◆ **Data block**:
*** Begin section ***
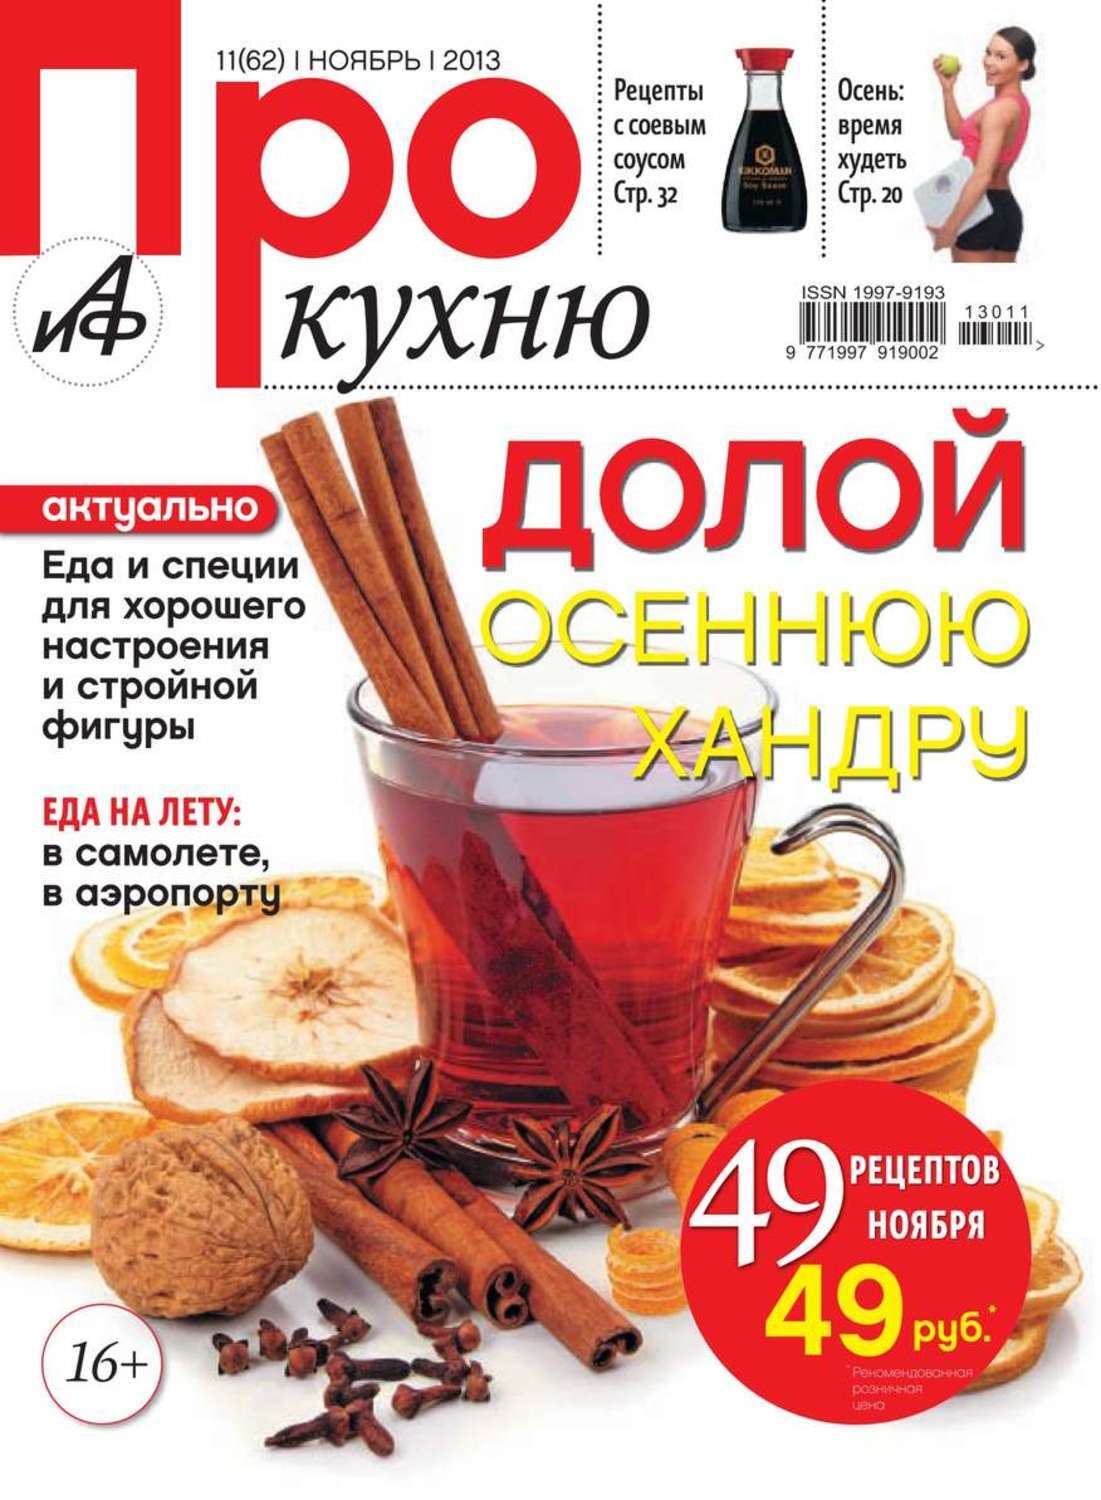 Про кухню ру. Про кухню журнал. Журнал АИФ про кухню. Журнал про кухню купить.
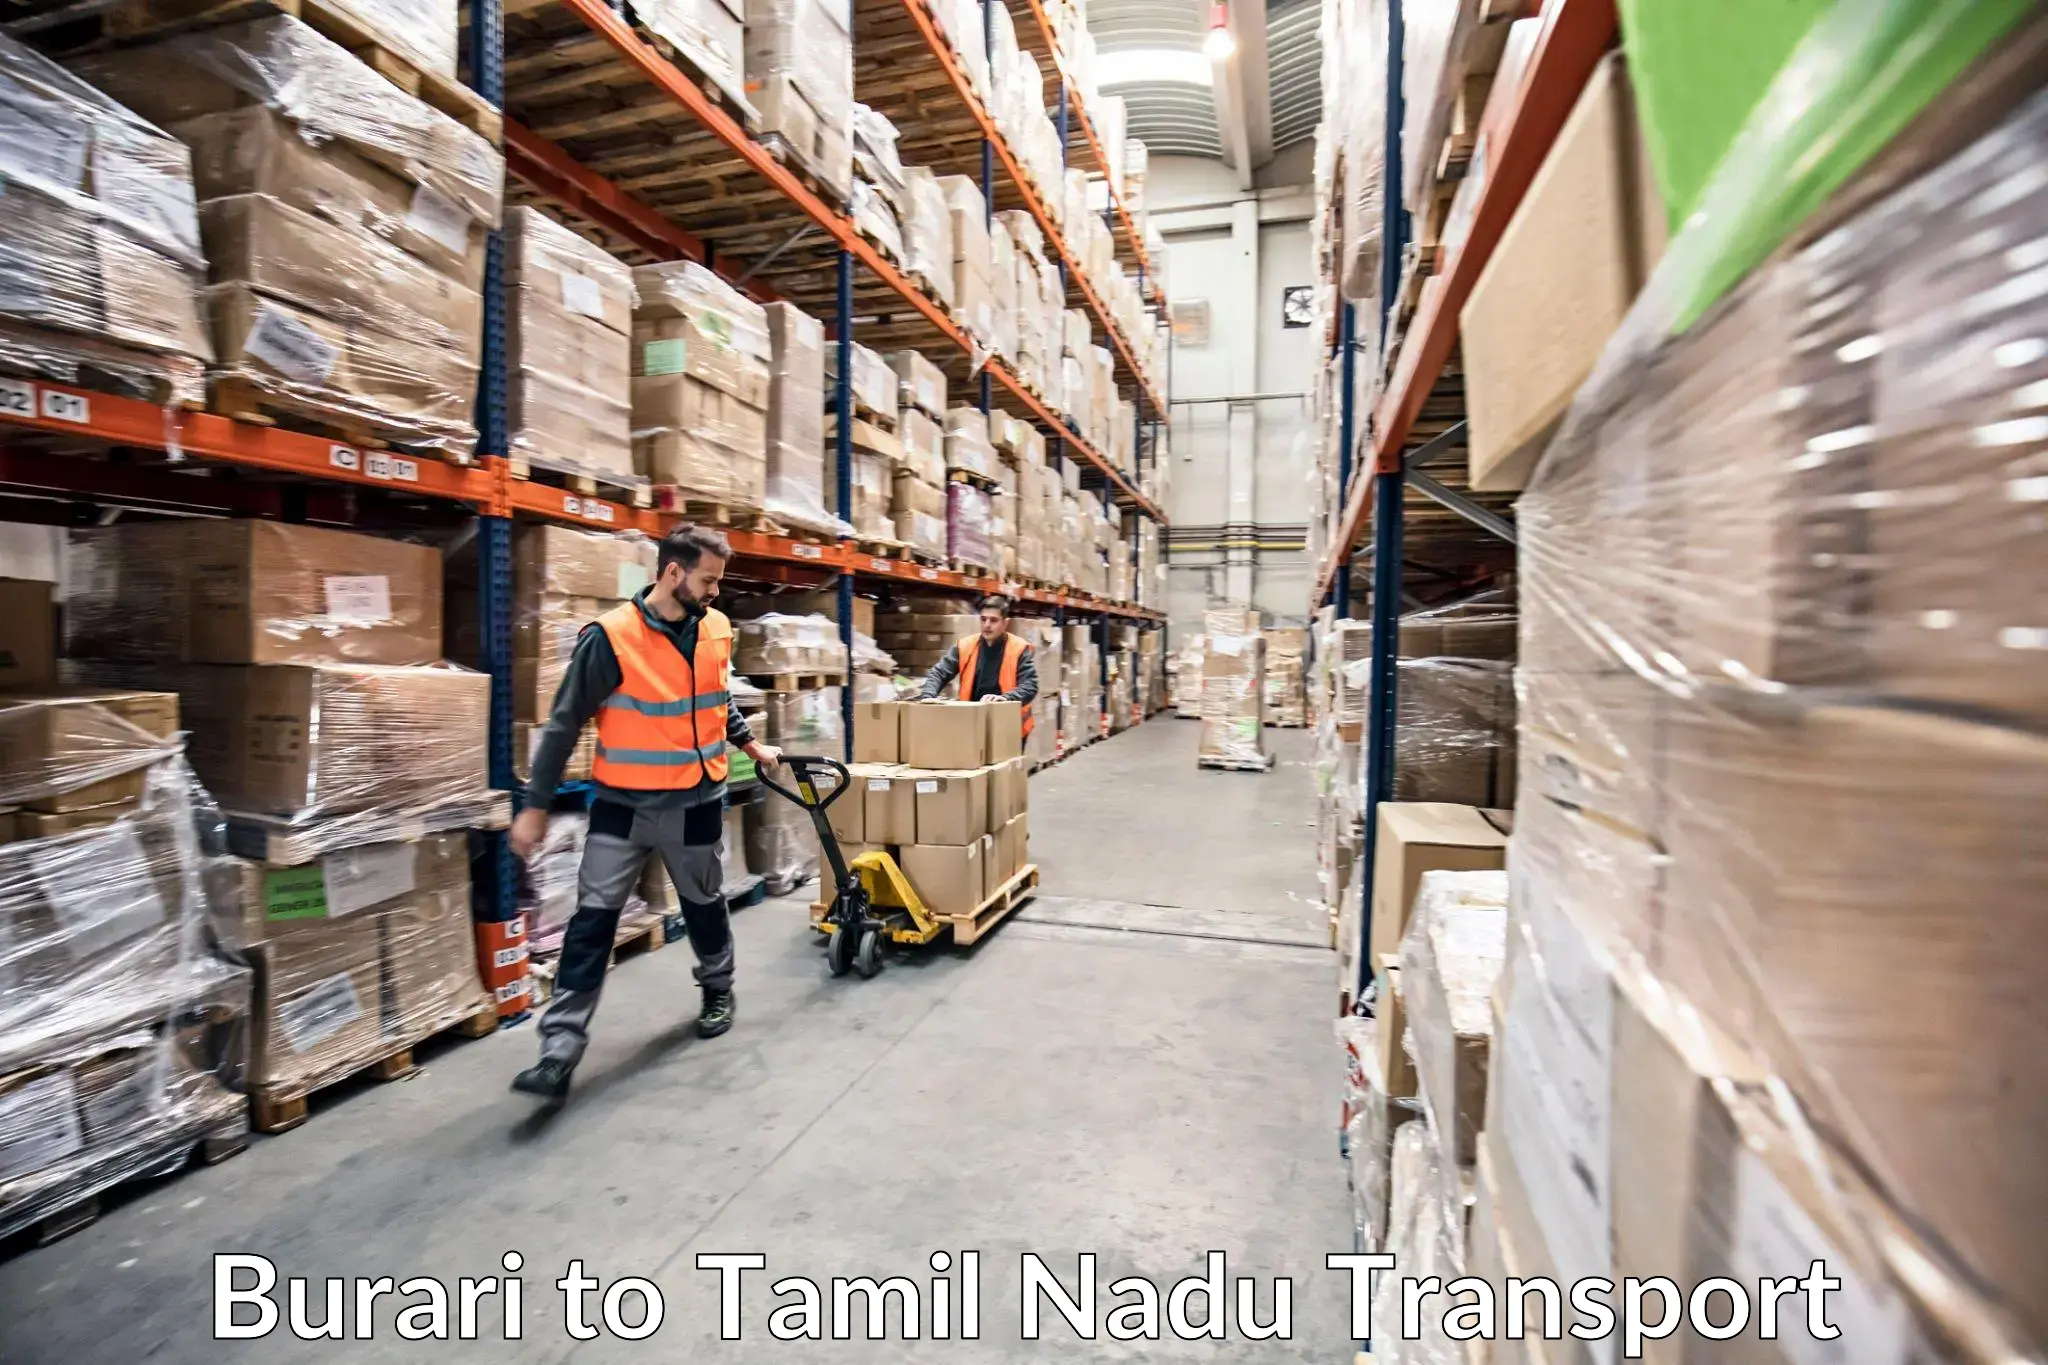 Container transport service Burari to Tiruchirappalli
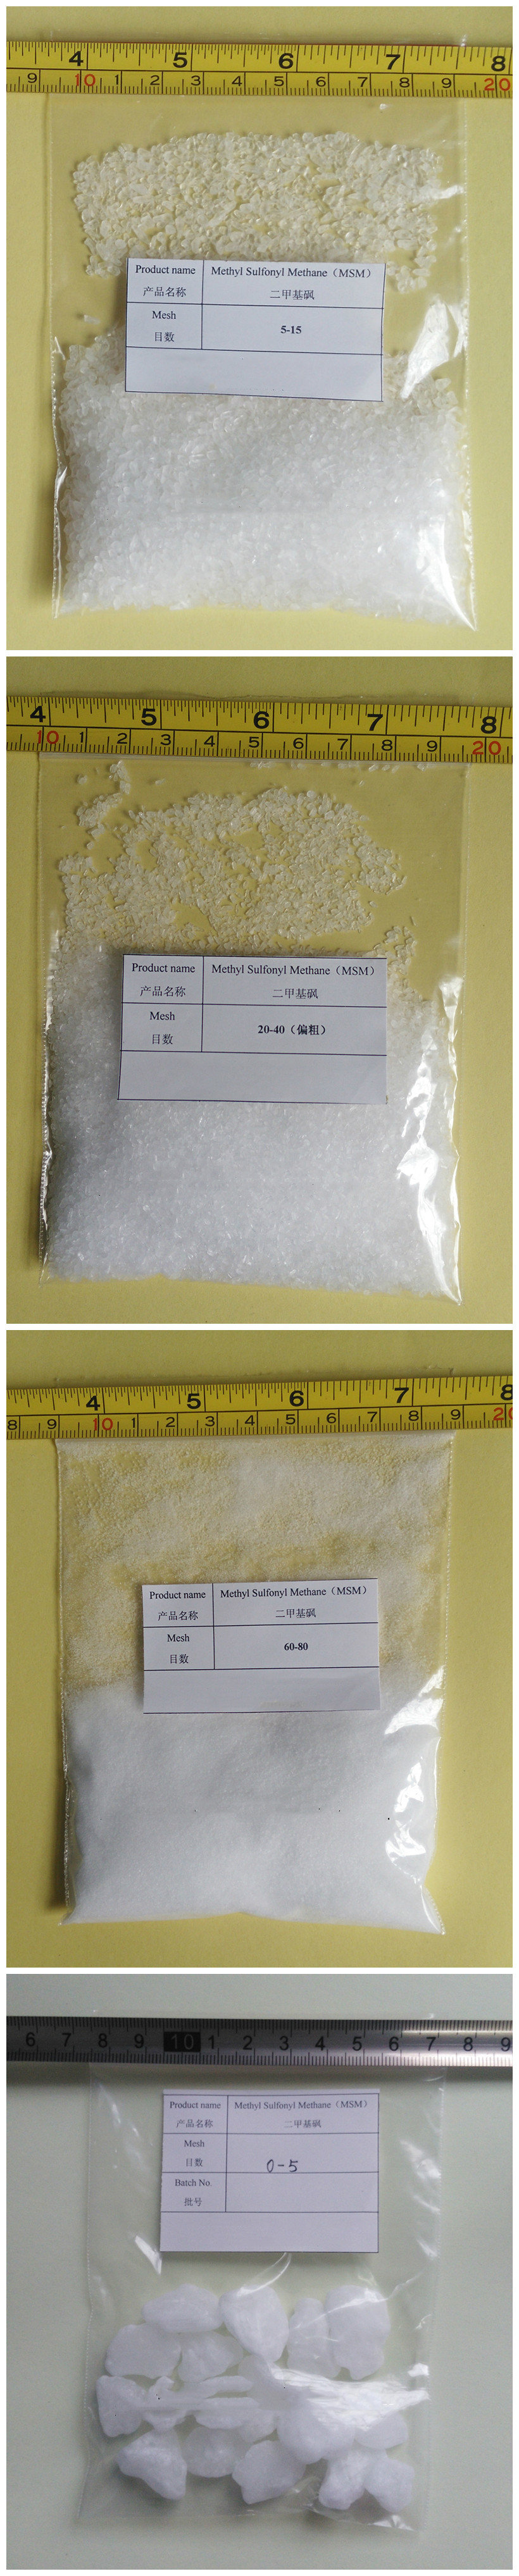 Dimethyl sulfone MSM 99% Cas 67-71-0
*** End section ***
Copy out the data above exactly, except the pictures.

◆ **Response area**:
 Про кухню ру. Про кухню журнал. Журнал АИФ про кухню. Журнал про кухню купить.
 Container transport service Burari to Tiruchirappalli
 Dimethyl sulfone MSM 99% Cas 67-71-0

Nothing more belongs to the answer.